In recent months, the infrastructures of the Palais Garnier have been the subject of technical assessments, which concluded that there was a need to deepen the lead treatment protocol within the stage cage, particularly due to a strengthening of standards in this area. A so-called essential recommendation to ensure the durability of equipment. Originally, the modernization work planned as part of the “New Era, New Air” project, publicly revealed in September 2025 by former Minister of Culture Rachida Dati, was to end in 2029 at the Opéra Garnier, and begin in 2030 at the Opéra Bastille.

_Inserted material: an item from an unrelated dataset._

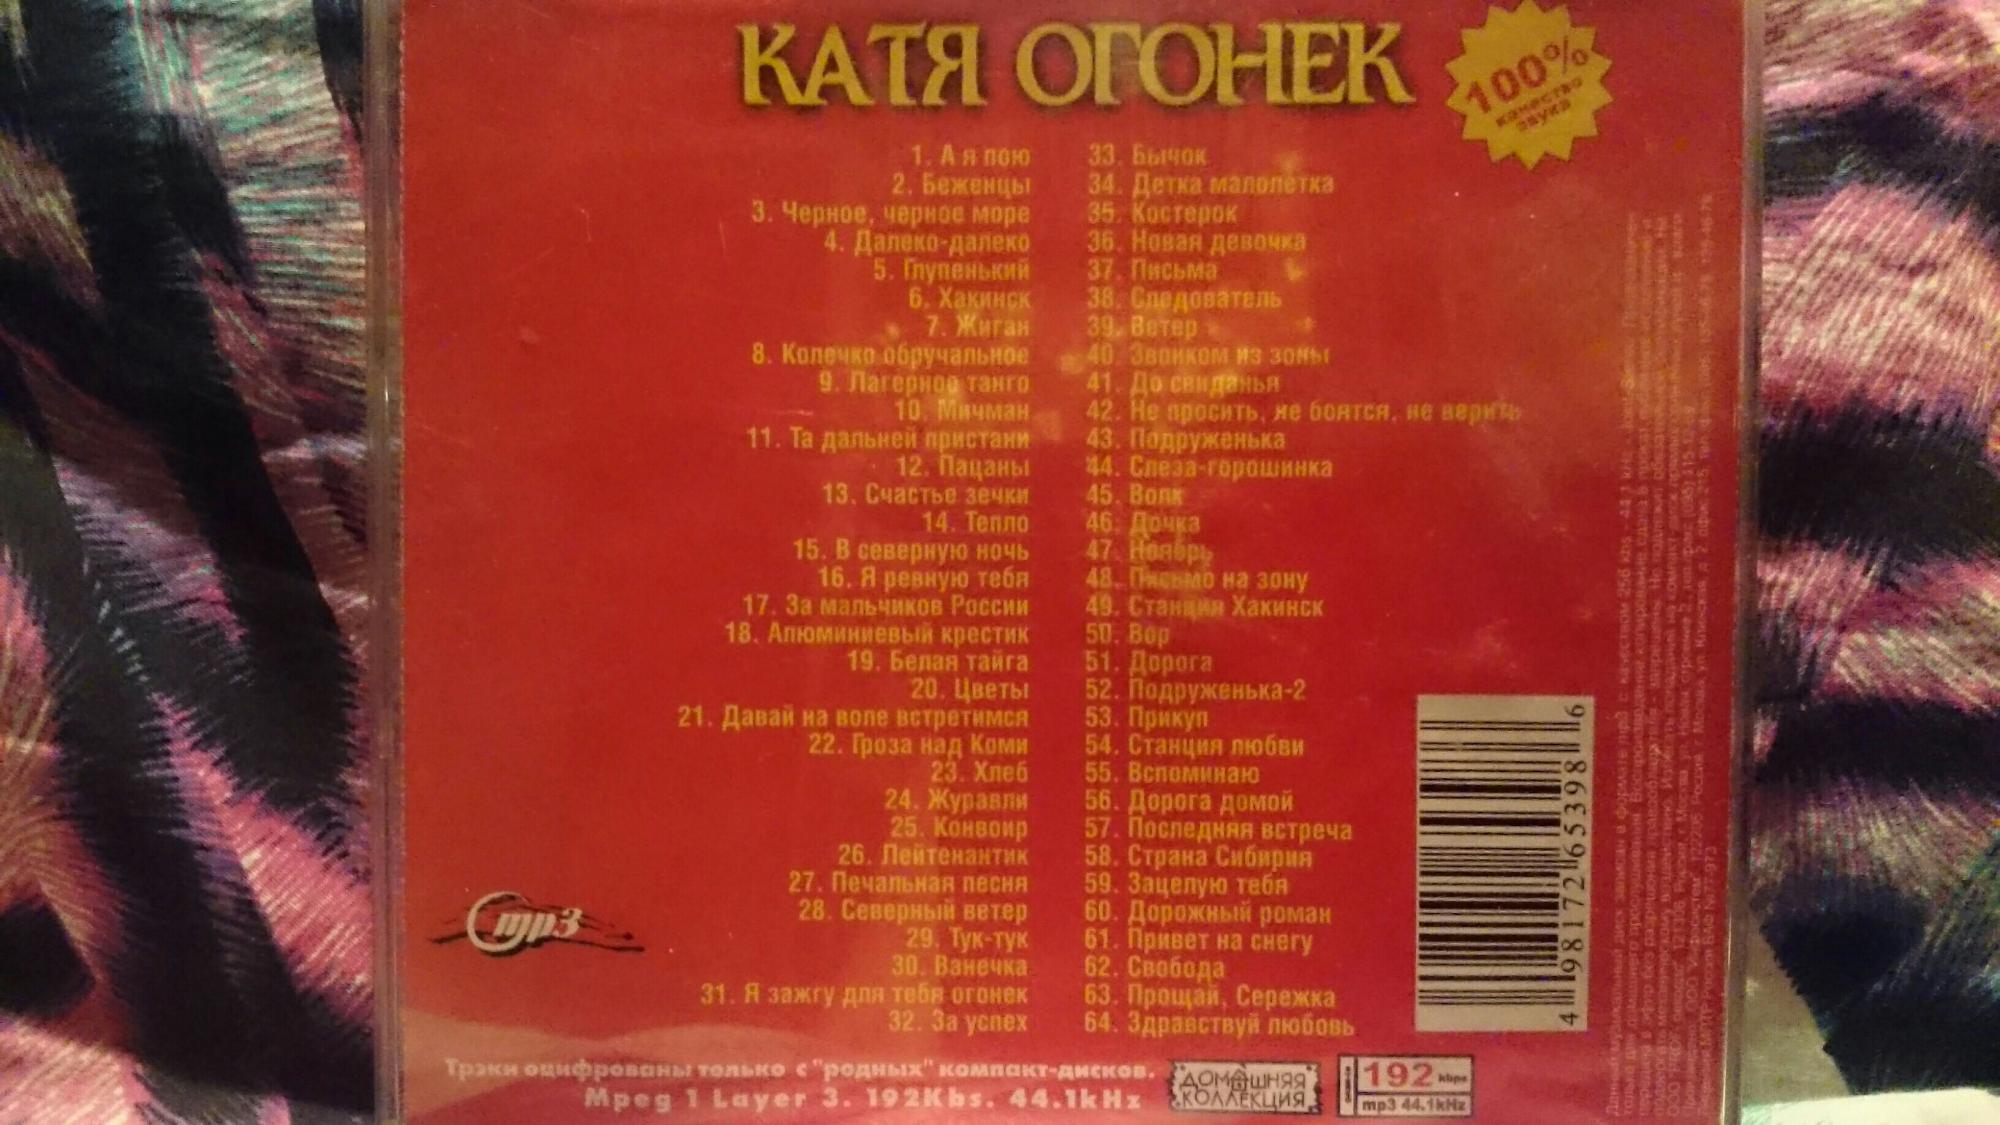 Катя огонёк дебютный альбом
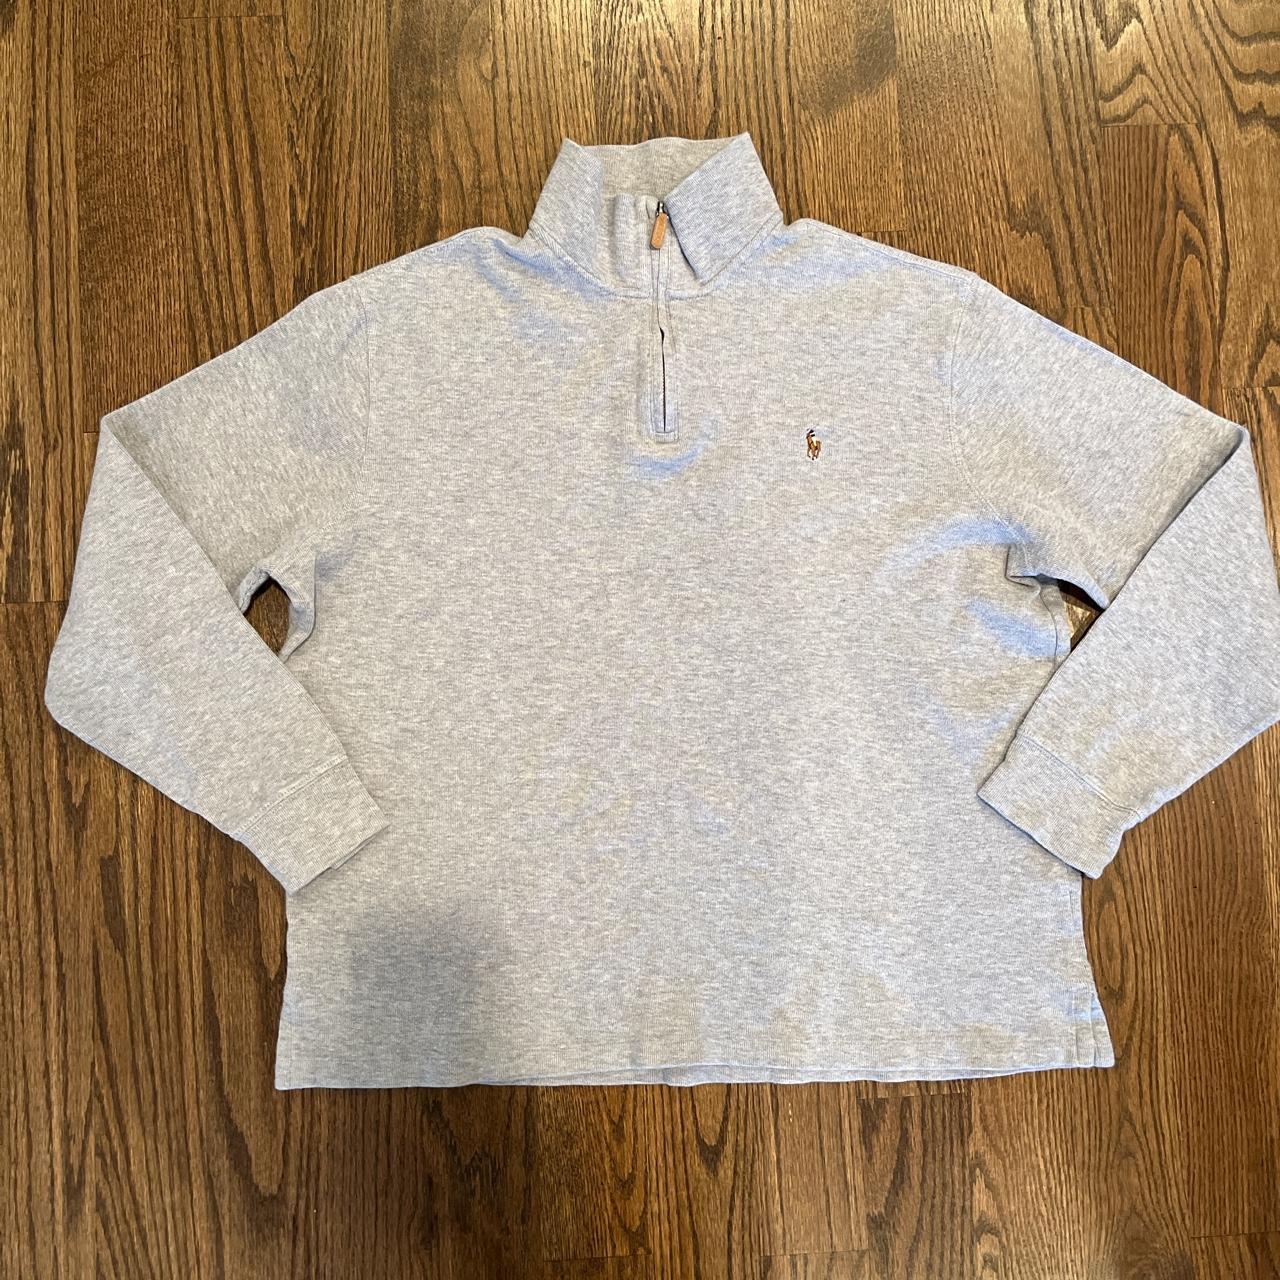 Polo Ralph Lauren Grey Quarter Zip Sweater Men’s... - Depop

If the public should soon find the eclectic facade of the famous Palace of Charles Garnier, covered for three years by huge advertising panels, the spaces reserved for heritage visits could be made inaccessible for at least two years, due to the work. A detail which suggests a significant operating loss, while these activities generate 13 million euros per year. And which is added to the 600 million euros estimated for the total project by 2037, including the Garnier, Bastille sites, the Berthier workshops and the Dance School in Nanterre, the financing of which is based on a mix of public and private funds, with the support of patrons such as Chanel and the BNP Paribas Foundation.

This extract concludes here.